For the conditional-sampling-based techniques, the package includes a range of different samplers.

  • Random forest based categorical sampling (univariate)
  • Random forest based continuous sampling (univariate)
  • Sequential samplers that allow to combine univariate samplers for sampling from multivariate conditional densities
  • Gaussian samplers (both univariate and multivariate conditional densities)
  • Mixtures of Gaussians
  • Conditional Normalizing Flows

Installation

The package assumes a current version of python, i.e. >= 3.9.7. Create a virtual environment and manually install the following dependencies: torch (following the installation instructions on the pytorch website), ray including tuning functionality (e.g. pip install -U "ray[tune]"), scikit-learn (following the instructions on their website).
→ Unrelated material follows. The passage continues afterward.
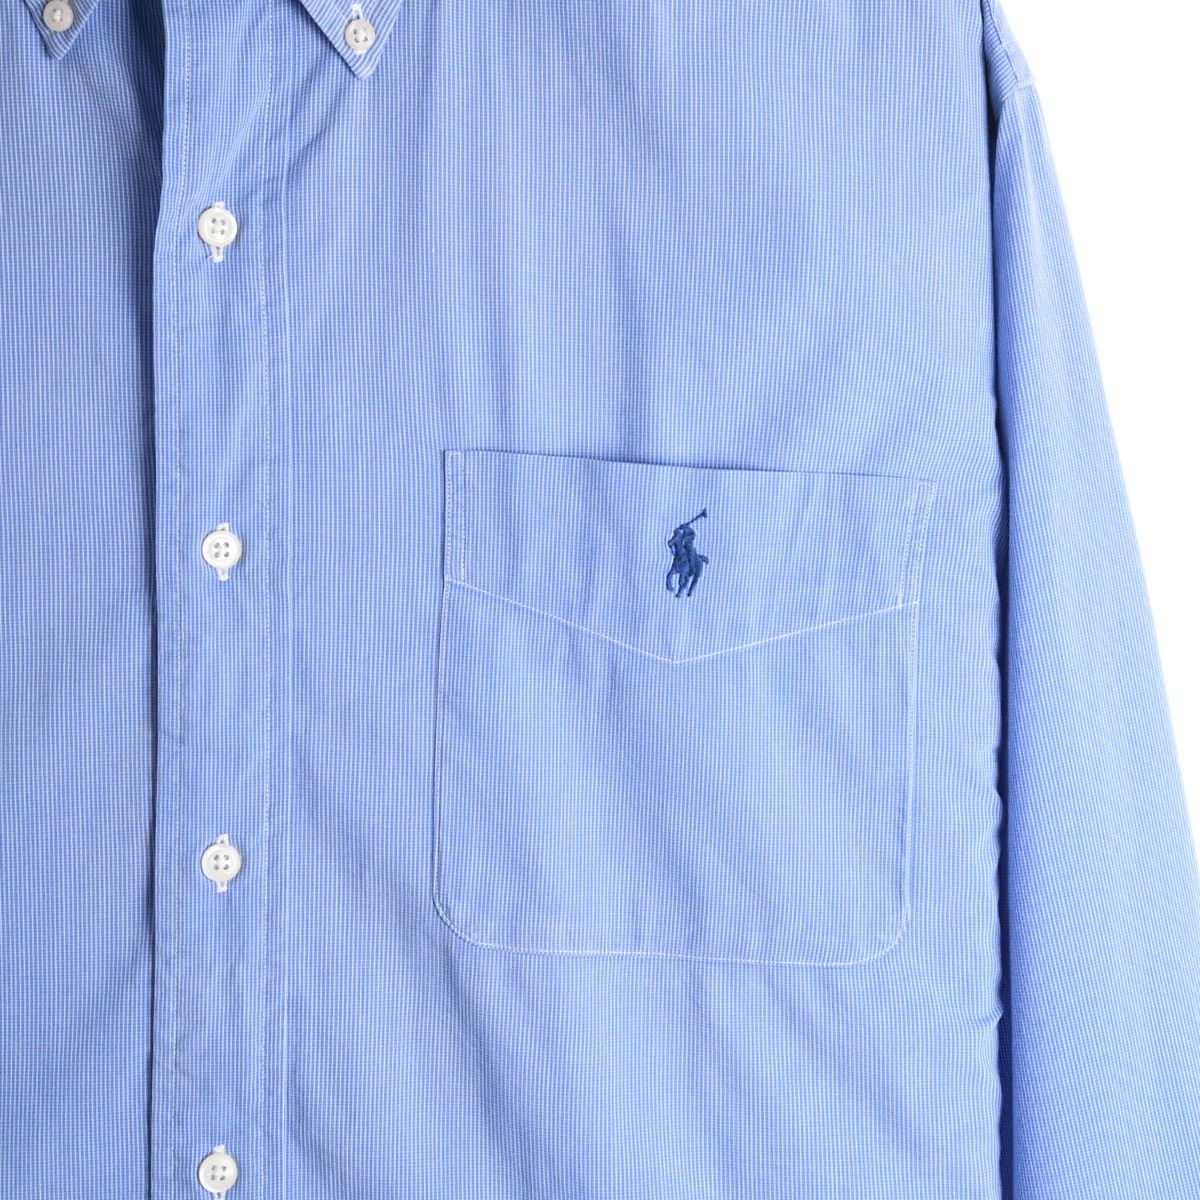 Ralph Lauren Yarmouth Blue Shirt

Then you can install the rfi package using pip install -e [path-to-fippy-folder].

Usage

import pandas as pd
import seaborn as sns
import numpy as np
import matplotlib.pyplot as plt
from sklearn.ensemble import RandomForestRegressor
from sklearn.model_selection import train_test_split
from sklearn.pipeline import make_pipeline
from sklearn.metrics import mean_squared_error
import category_encoders as ce
import logging

logging.basicConfig(level=logging.INFO)

# import logging
# logging.basicConfig(level=logging.INFO)

## to specify by user
savepath = '~/Downloads/'

## load and prepare data
sns.get_dataset_names()
df = sns.load_dataset('mpg')
df.dtypes
df.drop('name', axis=1, inplace=True)
if df.isna().any().any():
    df.dropna(inplace=True)

X, y = df.drop('mpg', axis=1), df['mpg']
X_train, X_test, y_train, y_test = train_test_split(X, y, test_size=0.2, random_state=42)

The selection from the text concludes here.